CKM and PMNS mixing matrices from discrete subgroups of SU(2)

Abstract

Remaining within the realm of the Standard Model(SM) local gauge group, this first principles derivation of both the PMNS and CKM matrices utilizes quaternion generators of the three discrete (i.e., finite) binary rotational subgroups of SU(2) called [3,3,2], [4,3,2], and [5,3,2] for three lepton families in R3 and four related discrete binary rotational subgroups [3,3,3], [4,3,3], [3,4,3], and [5,3,3] represented by four quark families in R4. The traditional 3x3 CKM matrix is extracted as a submatrix of the 4x4 CKM4 matrix.
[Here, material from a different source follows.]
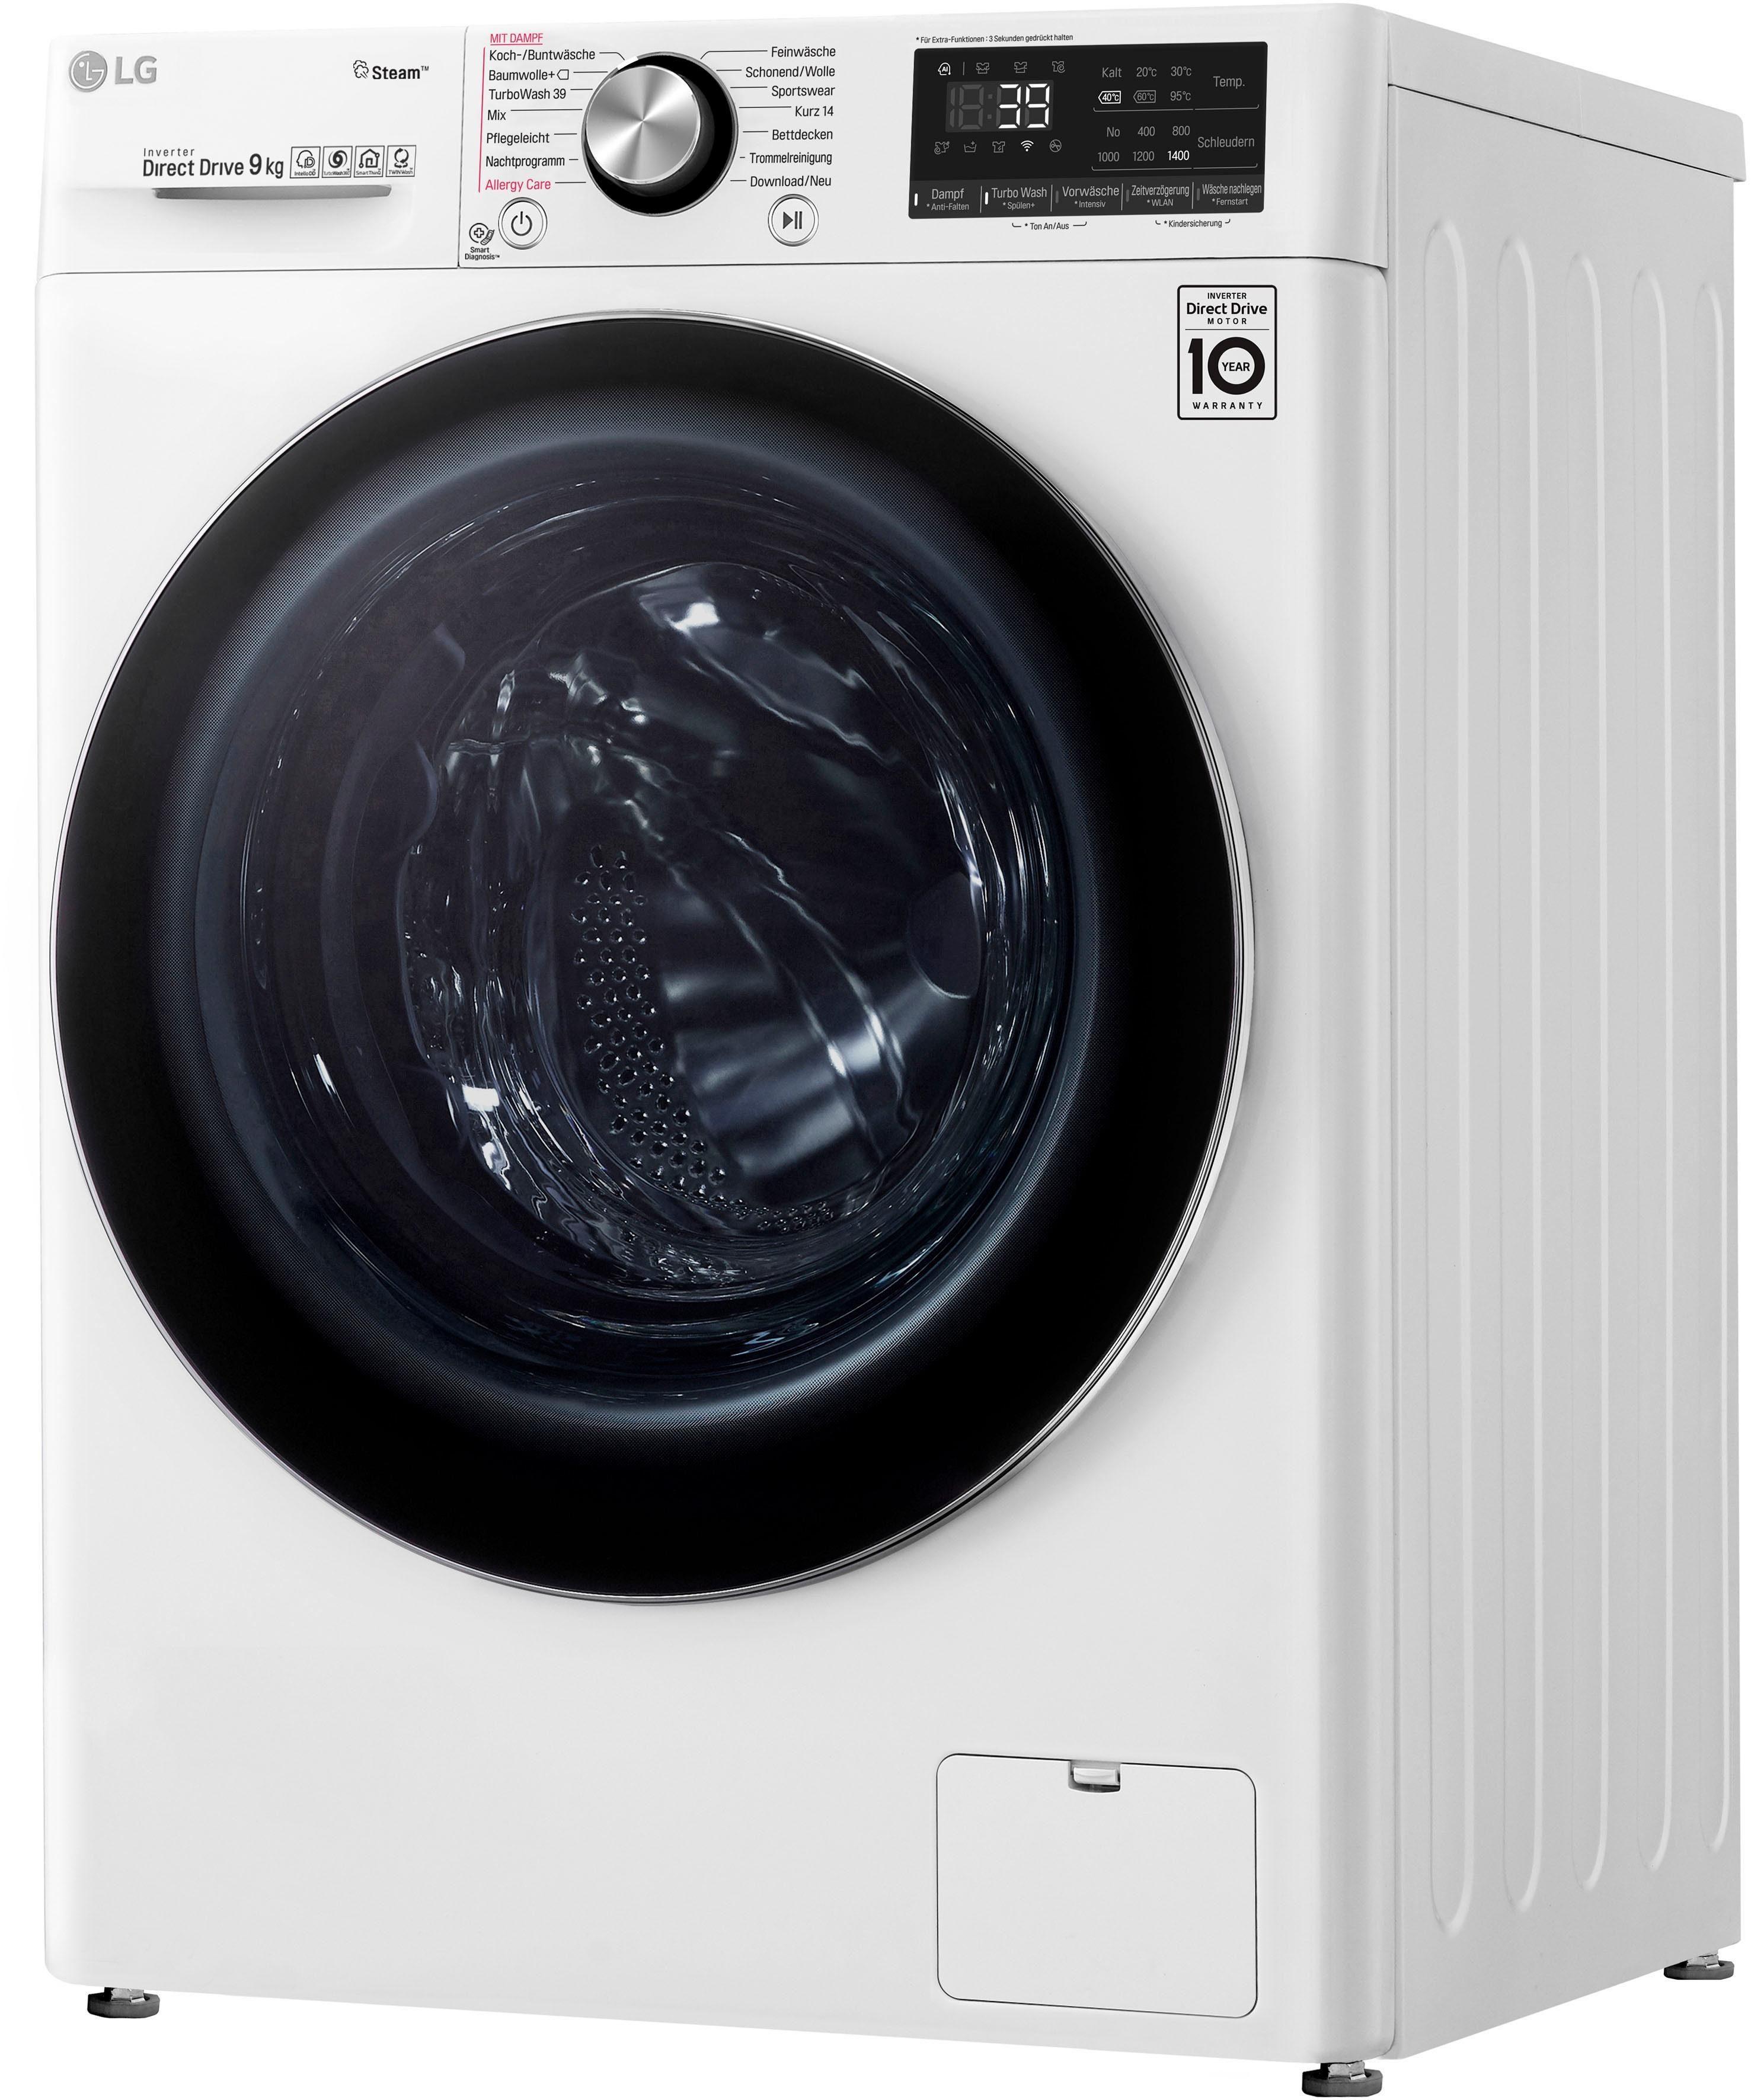 LG Waschmaschine Serie 9 F4WV909P2 | Bad > Waschmaschinen und Trockner > Frontlader | LG

If these two additional quarks b' and t' of a 4th quark family exist, there is the possibility that the SM lagrangian may apply all the way down to the Planck scale. There are then numerous other important consequences. The Weinberg angle is derived using these same quaternion generators, and the triangle anomaly cancellation is satisfied even though there is an obvious mismatch of three lepton families to four quark families. In a discrete space, one can also use these generators to derive a unique connection from the electroweak local gauge group SU(2)L x U(1)Y acting in R4 to the discrete group Weyl E8 in R8. By considering Lorentz transformations in discrete (3,1)-D spacetime, one obtains another Weyl E8 discrete symmetry group in R8, so that the combined symmetry is Weyl E8 x Weyl E8 = "discrete" SO(9,1) in 10-D spacetime. This unique connection is in direct contrast to the 10500 possible connections for superstring theory!